**Required action:**
Would you transcribe the whole listing exactly, minus its pictures?
━━━ Dataset section ━━━
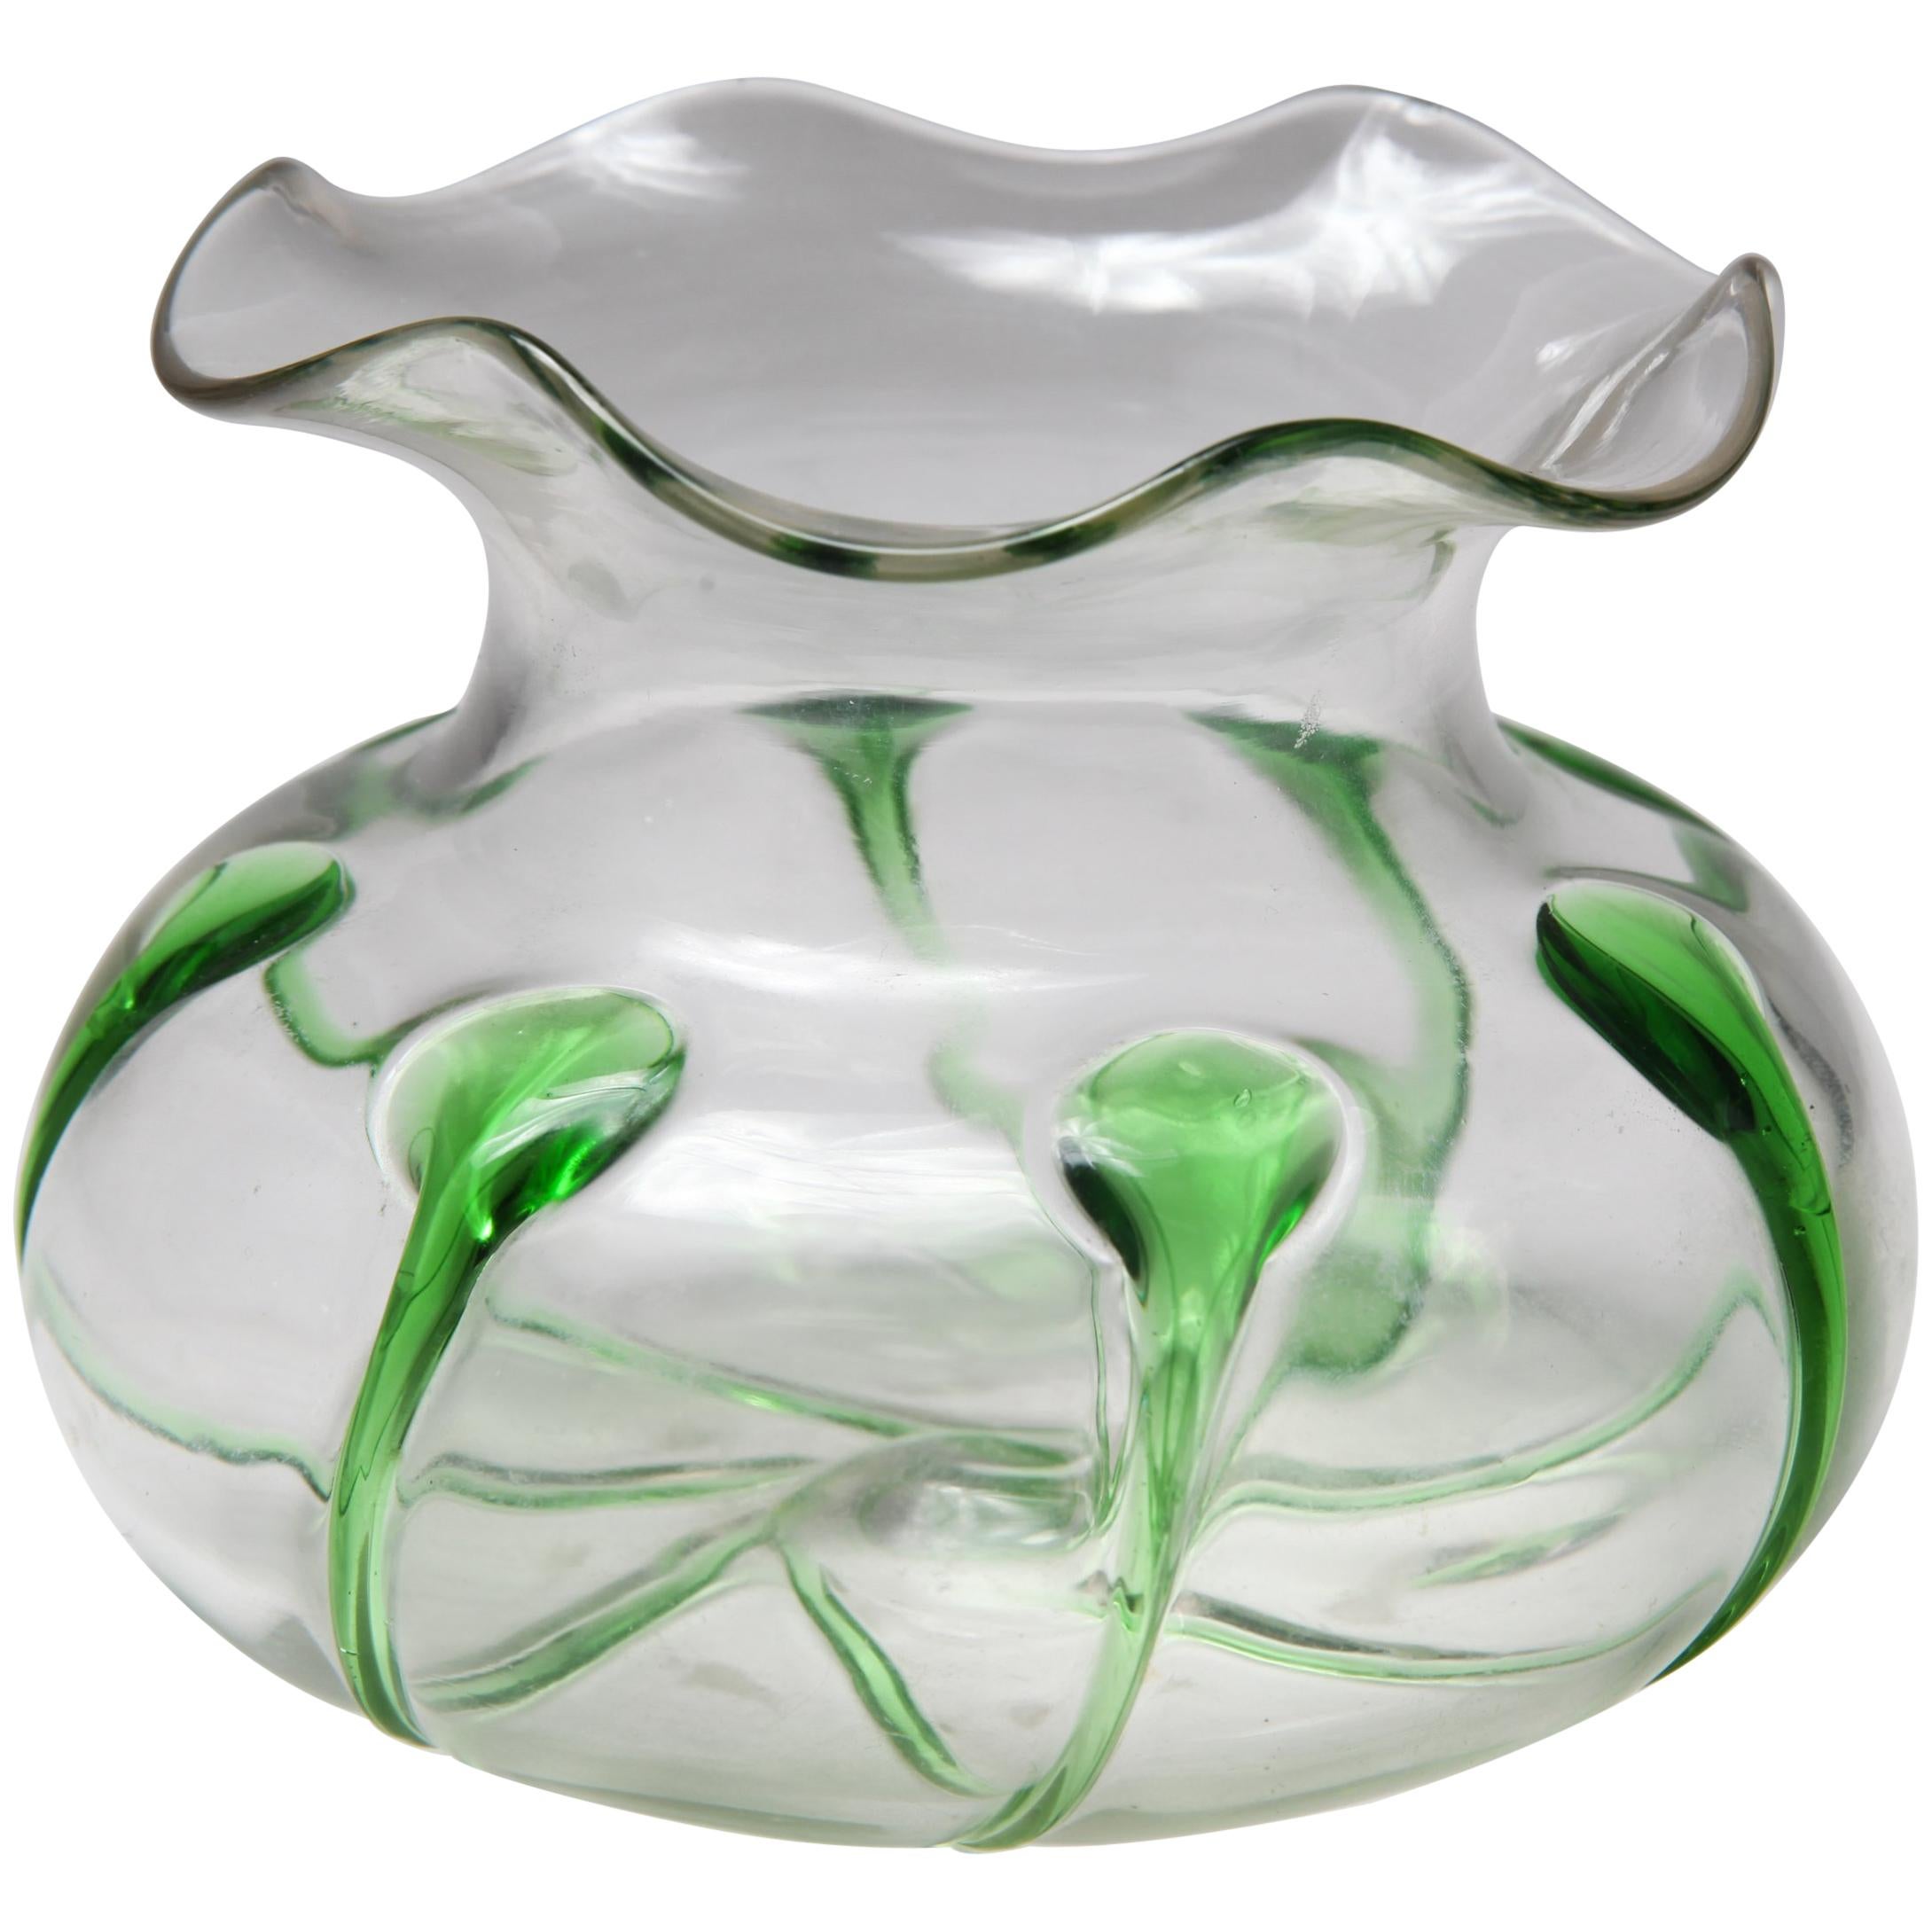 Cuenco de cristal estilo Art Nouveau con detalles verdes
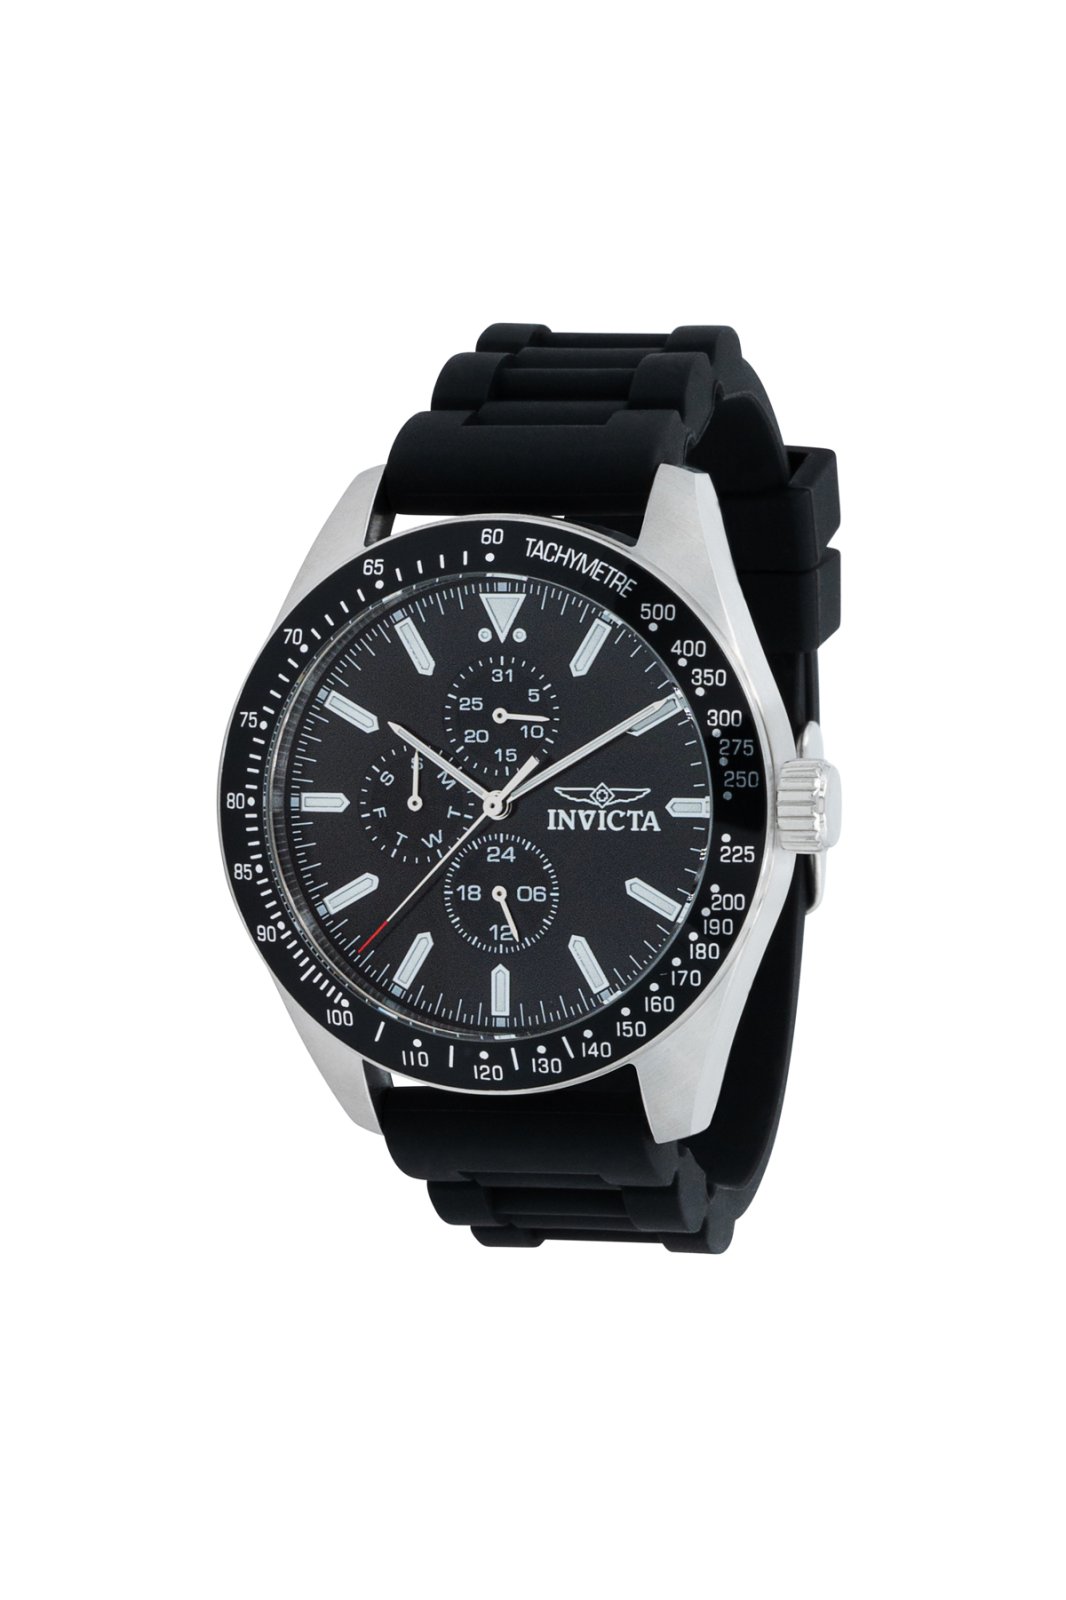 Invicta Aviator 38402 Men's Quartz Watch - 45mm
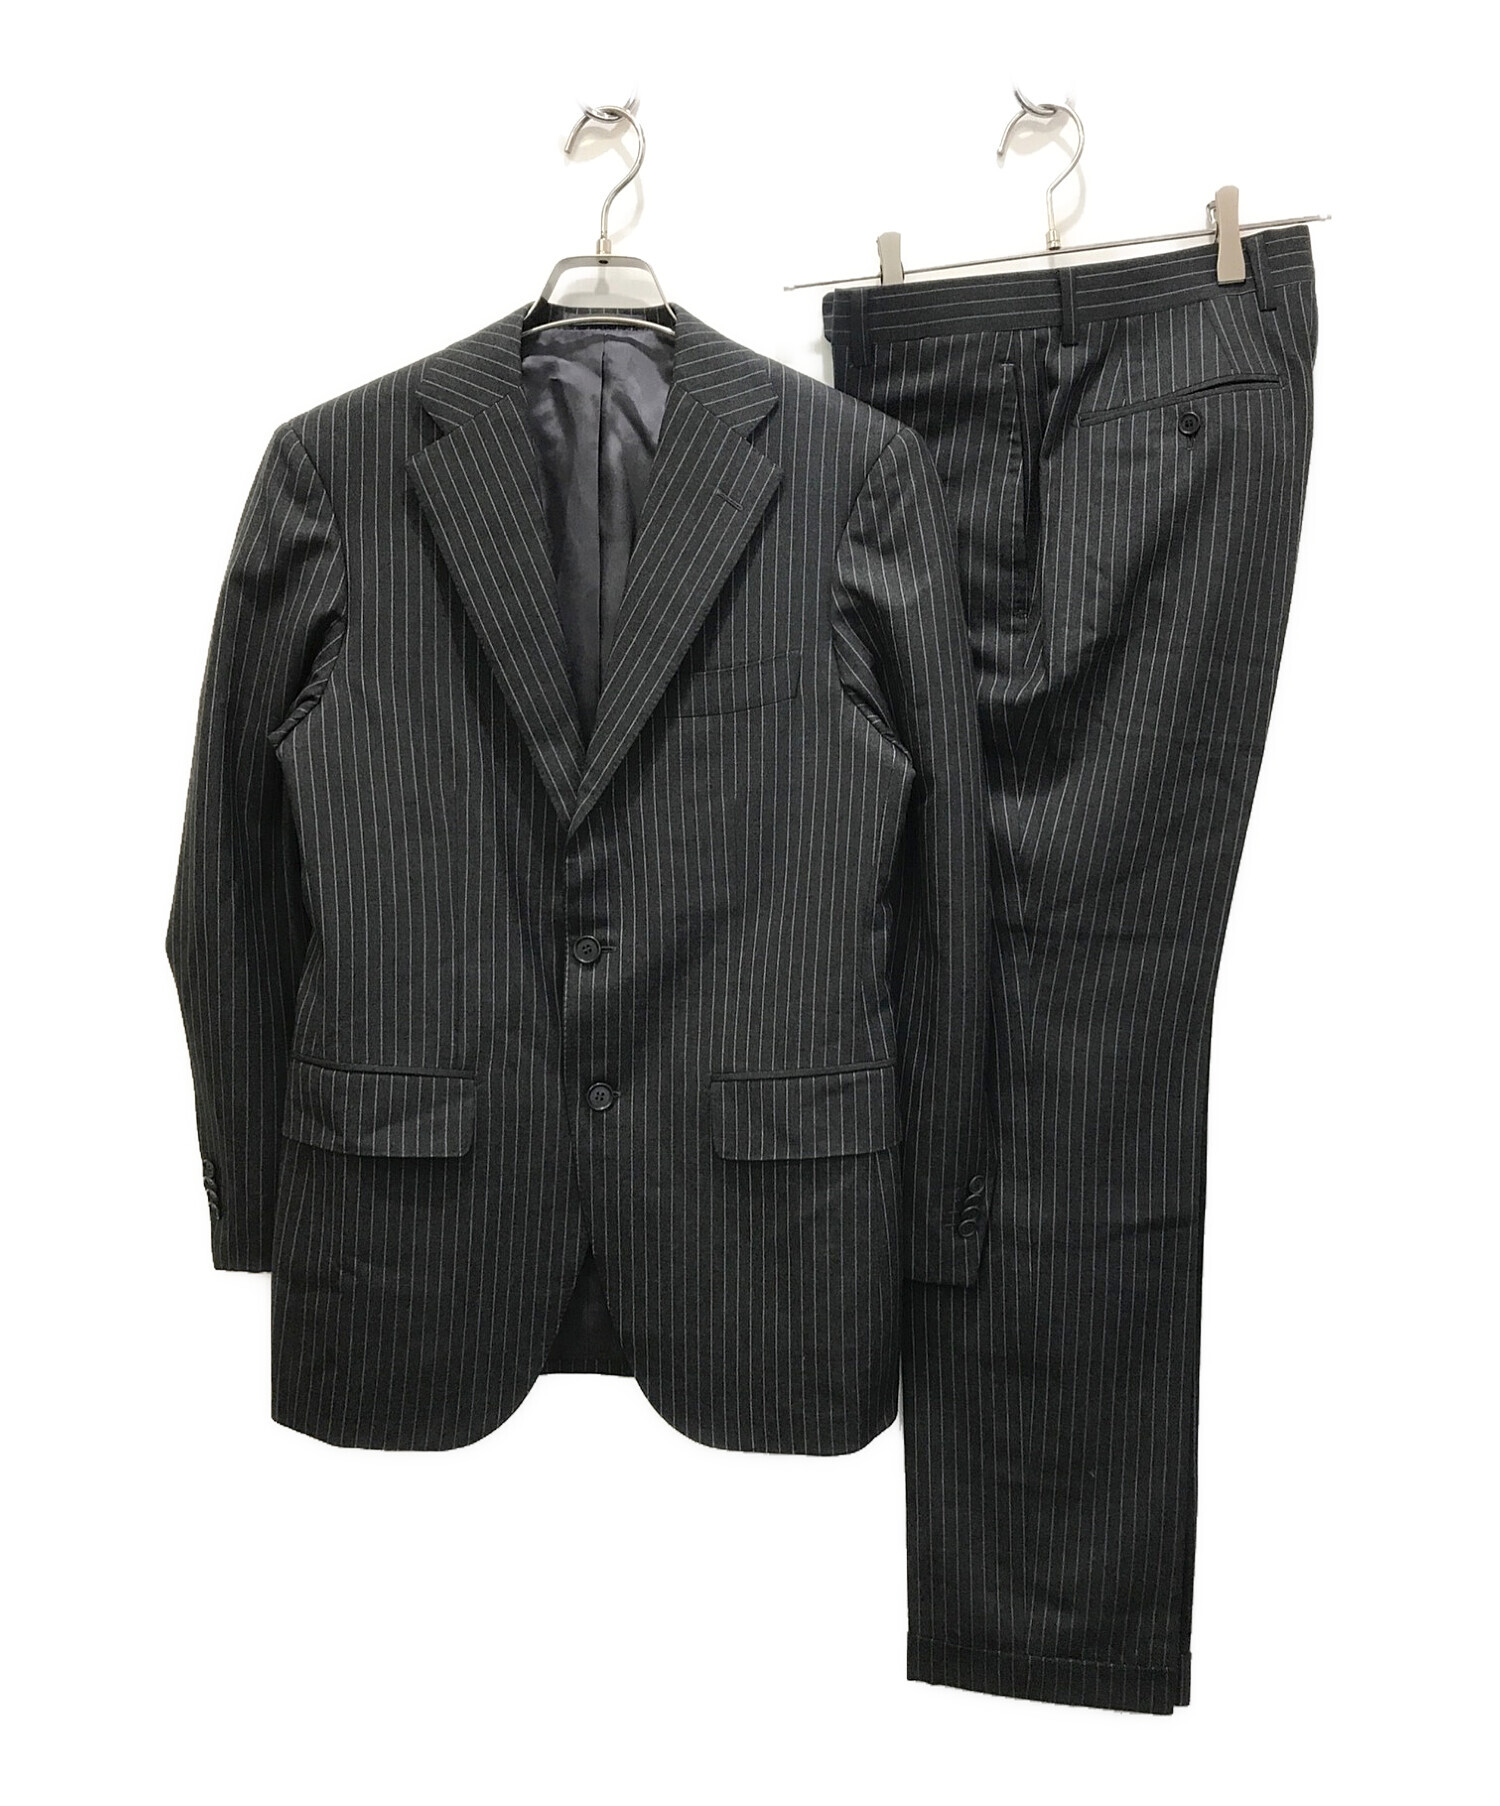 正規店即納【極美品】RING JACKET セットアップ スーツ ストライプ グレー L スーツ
━━━
**Solution to the problem:**
 Cuenco de cristal estilo Art Nouveau con detalles verdes
 Invicta Aviator 38402 Men's Quartz Watch - 45mm
 正規店即納【極美品】RING JACKET セットアップ スーツ ストライプ グレー L スーツ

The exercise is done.